Struct SortMergeJoinExec

Source

pub struct SortMergeJoinExec {
    pub left: Arc<dyn ExecutionPlan>,
    pub right: Arc<dyn ExecutionPlan>,
    pub on: JoinOn,
    pub filter: Option<JoinFilter>,
    pub join_type: JoinType,
    pub sort_options: Vec<SortOptions>,
    pub null_equals_null: bool,
    /* private fields */
}

Expand description

Join execution plan that executes equi-join predicates on multiple partitions using Sort-Merge join algorithm and applies an optional filter post join. Can be used to join arbitrarily large inputs where one or both of the inputs don’t fit in the available memory.

§Join Expressions

Equi-join predicate (e.g. <col1> = <col2>) expressions are represented by Self::on.

Non-equality predicates, which can not be pushed down to join inputs (e.g. <col1> != <col2>) are known as “filter expressions” and are evaluated after the equijoin predicates. They are represented by Self::filter. These are optional expressions.

§Sorting

Assumes that both the left and right input to the join are pre-sorted. It is not the responsibility of this execution plan to sort the inputs.

§“Streamed” vs “Buffered”

The number of record batches of streamed input currently present in the memory will depend on the output batch size of the execution plan. There is no spilling support for streamed input. The comparisons are performed from values of join keys in streamed input with the values of join keys in buffered input. One row in streamed record batch could be matched with multiple rows in buffered input batches. The streamed input is managed through the states in StreamedState and streamed input batches are represented by StreamedBatch.

Buffered input is buffered for all record batches having the same value of join key. If the memory limit increases beyond the specified value and spilling is enabled, buffered batches could be spilled to disk. If spilling is disabled, the execution will fail under the same conditions. Multiple record batches of buffered could currently reside in memory/disk during the execution. The number of buffered batches residing in memory/disk depends on the number of rows of buffered input having the same value of join key as that of streamed input rows currently present in memory. Due to pre-sorted inputs, the algorithm understands when it is not needed anymore, and releases the buffered batches from memory/disk. The buffered input is managed through the states in BufferedState and buffered input batches are represented by BufferedBatch.

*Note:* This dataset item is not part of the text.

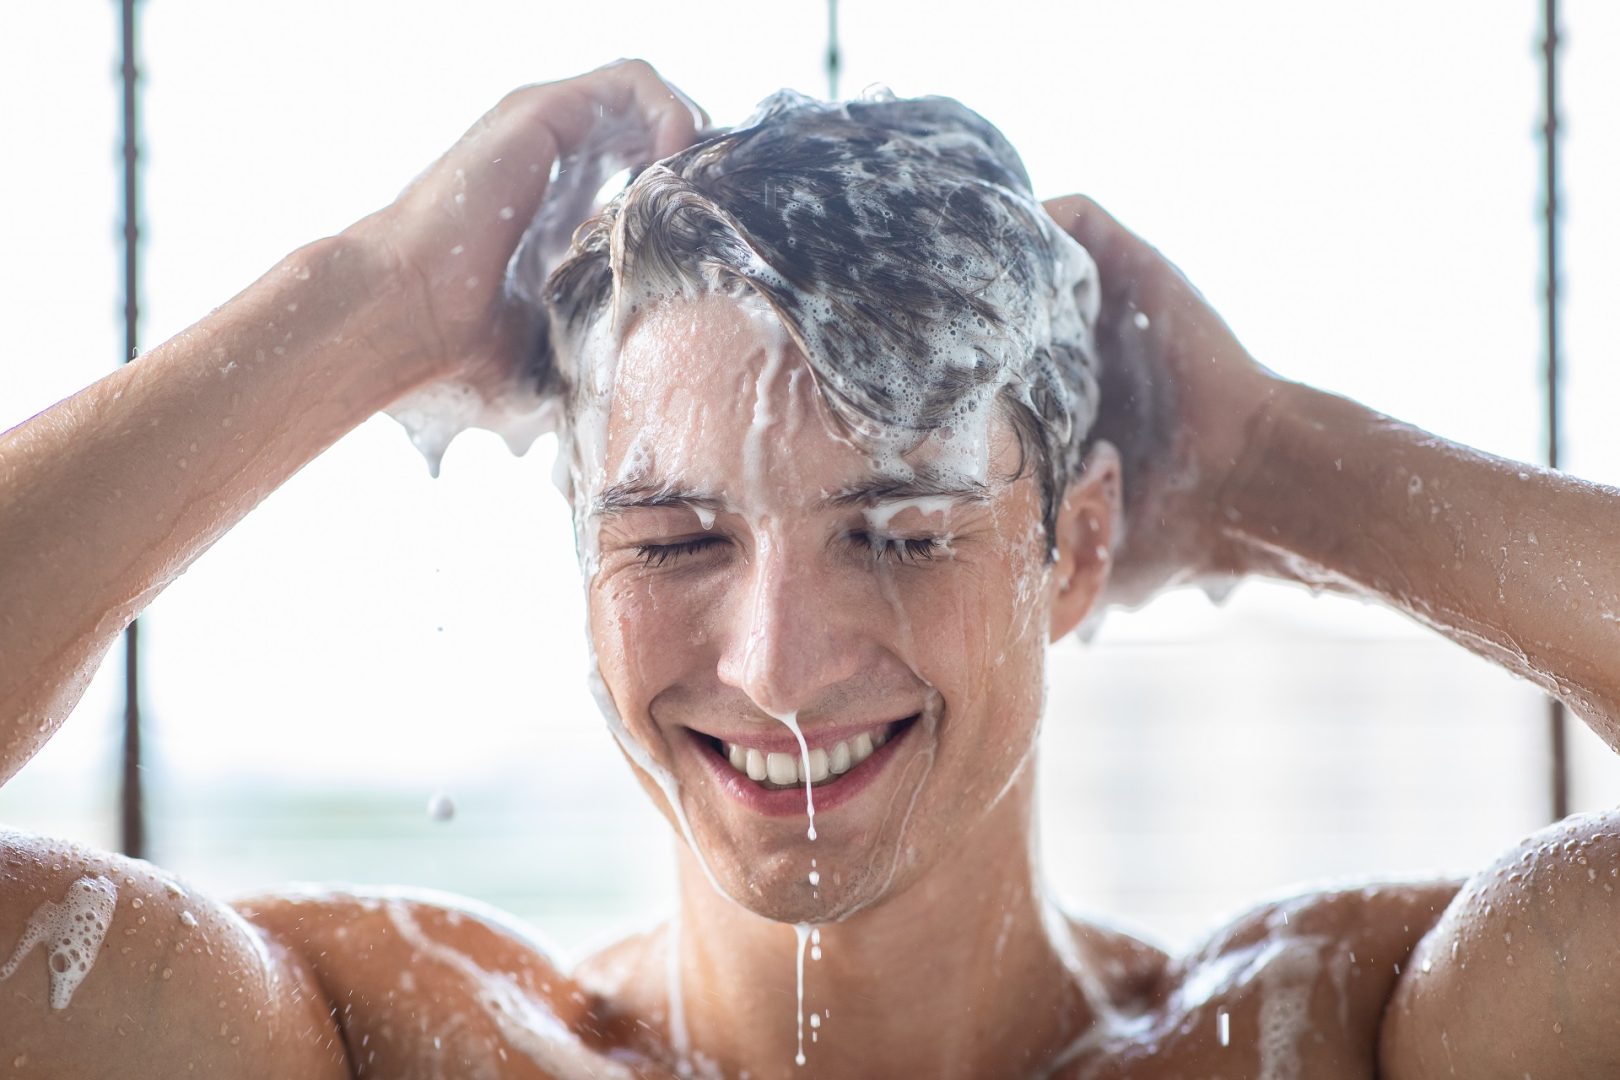 mannequin masculin se lavant les cheveux avec du shampoing

Depending on the type of join, left or right input may be selected as streamed or buffered respectively. For example, in a left-outer join, the left execution plan will be selected as streamed input while in a right-outer join, the right execution plan will be selected as the streamed input.

Reference for the algorithm: https://en.wikipedia.org/wiki/Sort-merge_join.

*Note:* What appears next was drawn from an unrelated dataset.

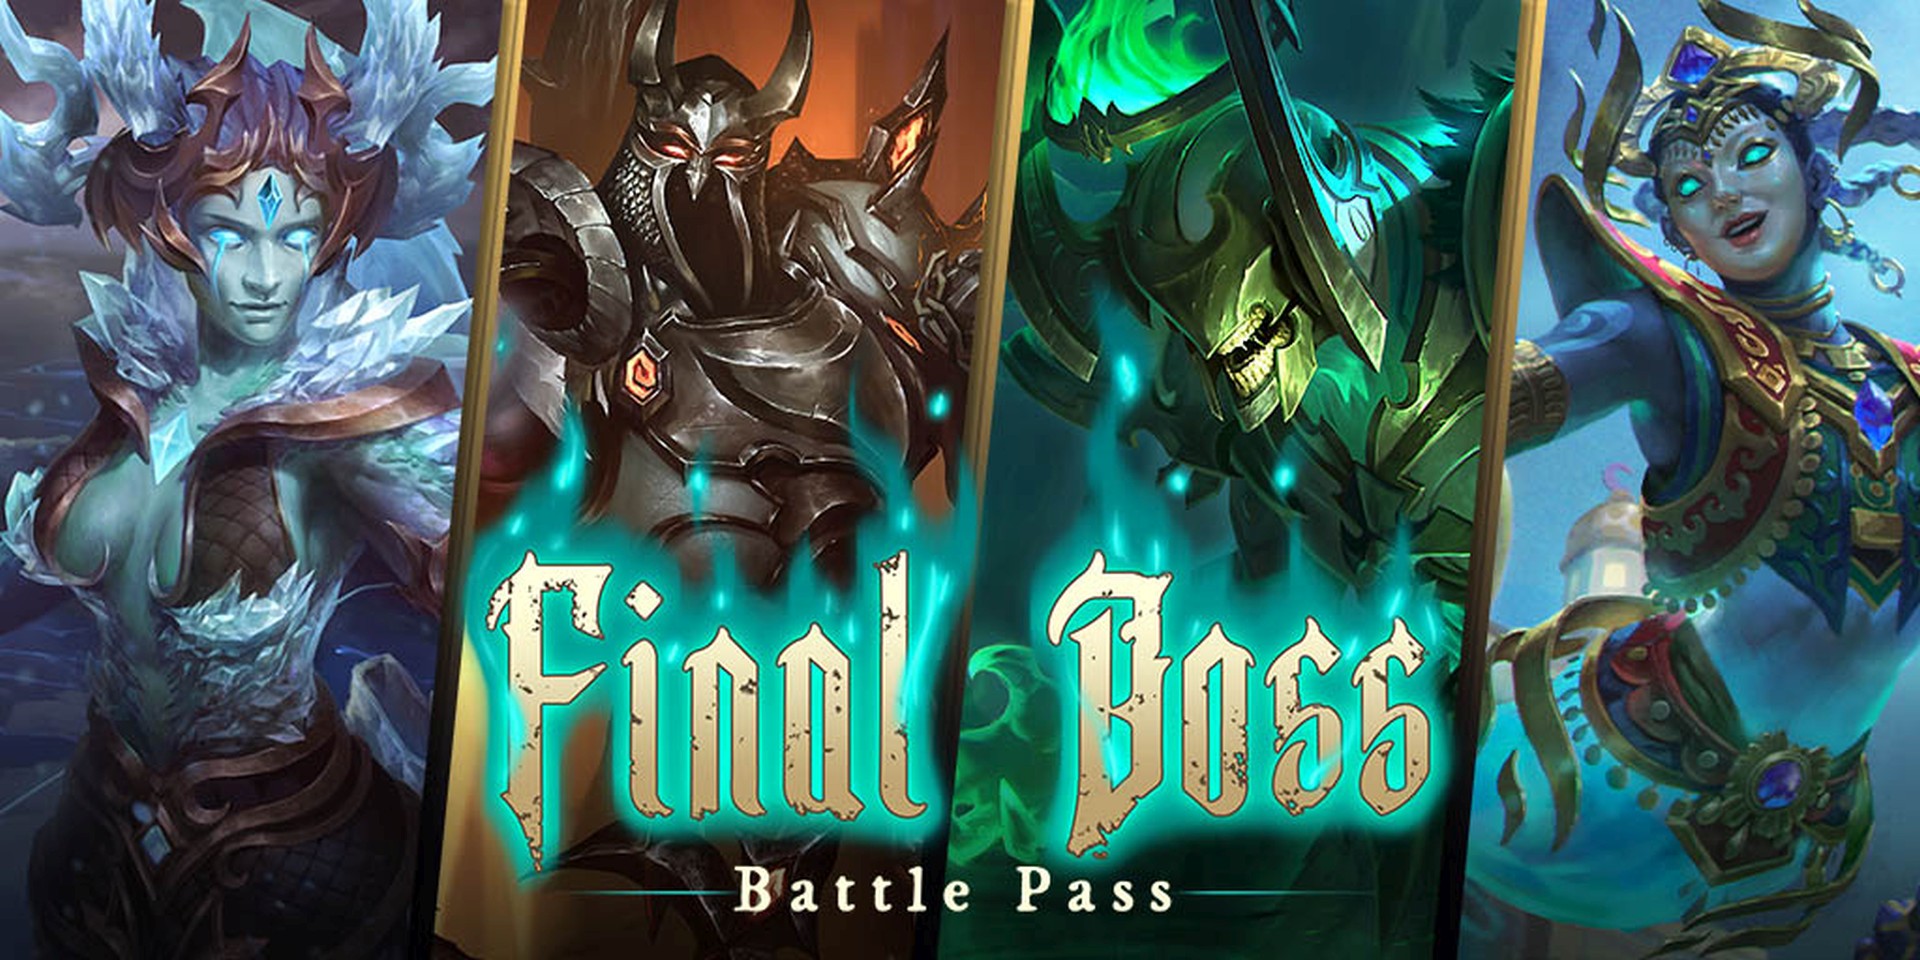 Smite Final Boss Update Features New Battle Pass

Helpful short video demonstration: https://www.youtube.com/watch?v=jiWCPJtDE2c.

Fields§

§left: Arc<dyn ExecutionPlan>

Left sorted joining execution plan

§right: Arc<dyn ExecutionPlan>

Right sorting joining execution plan

§on: JoinOn

Set of common columns used to join on

§filter: Option<JoinFilter>

Filters which are applied while finding matching rows

§join_type: JoinType

How the join is performed

§sort_options: Vec<SortOptions>

Sort options of join columns used in sorting left and right execution plans

§null_equals_null: bool

If null_equals_null is true, null == null else null != null

Struct SortMergeJoinExecCopy item path

§Join Expressions

§Sorting

§“Streamed” vs “Buffered”

Fields§

Implementations§

impl SortMergeJoinExec

pub fn try_new( left: Arc<dyn ExecutionPlan>, right: Arc<dyn ExecutionPlan>, on: JoinOn, filter: Option<JoinFilter>, join_type: JoinType, sort_options: Vec<SortOptions>, null_equals_null: bool, ) -> Result<Self>

§Error

pub fn probe_side(join_type: &JoinType) -> JoinSide

pub fn on(&self) -> &[(PhysicalExprRef, PhysicalExprRef)]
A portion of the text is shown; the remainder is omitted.